C'est l'un des feuilletons les plus intenses de l'automne : les droits TV de la Ligue 1, détenus depuis cette saison par Mediapro. Pour l'instant, le groupe sino-espagnol refuse de payer les factures dont il doit s'acquitter pour la diffusion de la compétition. Dans ce dossier, l'ombre de Canal+, diffuseur historique de la Ligue 1, plane de nouveau.
À Canal+, ces jours-ci, on joue sur du velours et on affirme qu'on étudiera toutes les possibilités, y compris celle d'un retour en première ligne. Mais cela se ferait au juste prix, prévient-on. Car aujourd'hui, crise du Covid-19 oblige, le football est un produit dégradé. Les stades sont vides, il y a des matches reportés et le mercato estival était sans relief.
Téléfoot pour l'instant loin du compte
Par ailleurs, les audiences des autres sports diffusés sur Canal+ sont excellentes. La moto et la Formule 1 ont même dépassé le football ces dernières semaines, pour un coût bien moindre. Pas question, donc, de mettre la santé financière du groupe en péril, d'autant plus que Canal+ n'a pas perdu d'abonnés, malgré la perte de nombreuses affiches de Ligue 1. Il y a deux ans et demi, après l'annonce surprise de la victoire de Mediapro, pour un contrat de plus d'un milliard d'euros annuels, la chaîne cryptée avait dénoncé sur Europe 1 un montant économique irréaliste.
Aujourd'hui, trois mois après son lancement, la chaîne Téléfoot revendique environ 700.000 abonnés, encore loin des 3,5 millions espérés à terme pour la rendre viable. Le groupe espagnol a lui-même sifflé la mi-temps en ne payant pas sa traite d'octobre, d'un montant de 170 millions d'euros, ce qui met le football français un peu plus dans l'embarras. Mediapro s'est abrité derrière une conciliation judiciaire qui gèle tout. À la LFP, on s'active, mais on est pour l'instant pieds et poings liés.
Ferracci veut le retour de Canal+ et beIN
Dans ce contexte, quelques rares dirigeants sortent du silence pour réclamer le retour des diffuseurs historiques. "Je crois qu'ils mettent la LFP dans une position impossible", dénonce sur Europe 1 Pierre Ferracci, le président du Paris FC, actuel leader de Ligue 2. "J'espère que Vincent Labrune arrivera à ne pas rester dans un face-à-face mortifère avec Mediapro."

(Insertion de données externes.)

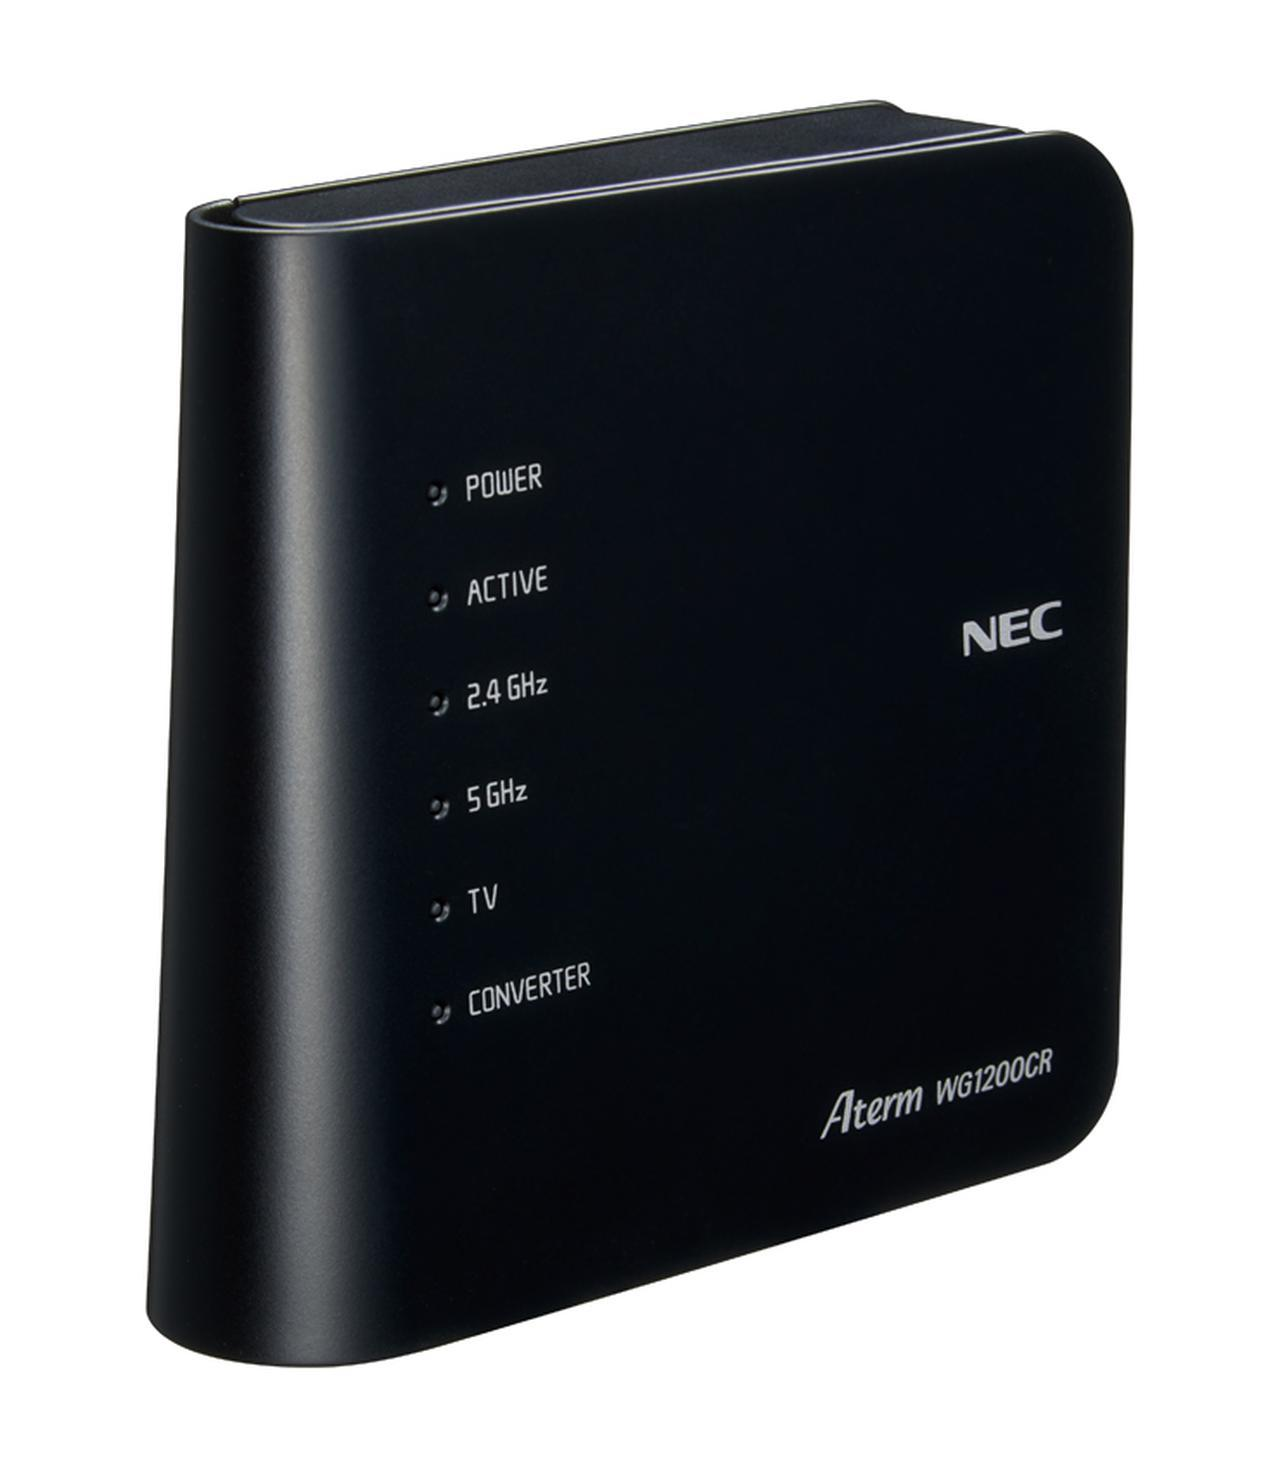 画像: NEC Aterm WG1200CR

" La vraie négociation doit engager d'autres opérateurs avec un peu plus de sérieux que Mediapro "
Selon le patron du club parisien, "la vraie négociation, vendredi, doit engager d'autres opérateurs qui ont montré un peu plus de sérieux par le passé que Mediapro n'en démontre aujourd'hui. Elle doit réintroduire Canal, par exemple, mais peut-être aussi beIN SPORTS et peut-être Free dans la négociation, pour qu'on y voit plus clair." Pierre Ferracci tient à préciser que l'ensemble des clubs professionnels soutient Vincent Labrune, le nouveau président de la Ligue, engagé dans cette difficile négociation avec Mediapro.
Un rapprochement Mediapro-Canal+ ?
Le feuilleton se poursuit donc de plus belle. Selon nos informations, une nouvelle réunion avec le conciliateur judiciaire se tiendra jeudi après-midi, pour un résultat attendu à la fin du mois. "On ne lâchera pas, on ira au bout du contrat, on est solvable", confiait mercredi soir Mediapro France à Europe 1. Il est vrai que le groupe a récemment réglé une grosse centaine de millions d'euros à l'UEFA pour la diffusion de la Ligue des champions.
Le problème, c'est que la LFP estime que le contrat de confiance est rompu. La Ligue fera tout ce qui est légalement possible pour dénoncer le contrat et lancer, pourquoi pas, un nouvel appel d'offres. Il existe une troisième possibilité : Mediapro et Canal+ pourraient se rapprocher afin d'offrir un peu de répit au football français. Les droits TV représentent environ 40% des budgets des clubs, ce qui est énorme. À Canal+, on dit attendre des propositions raisonnables du groupe espagnol pour la diffusion de la chaîne ou même le rachat de certaines affiches, pourquoi pas le dimanche soir. Le chemin est encore long, mais la voix de la raison pourrait malgré tout l'emporter.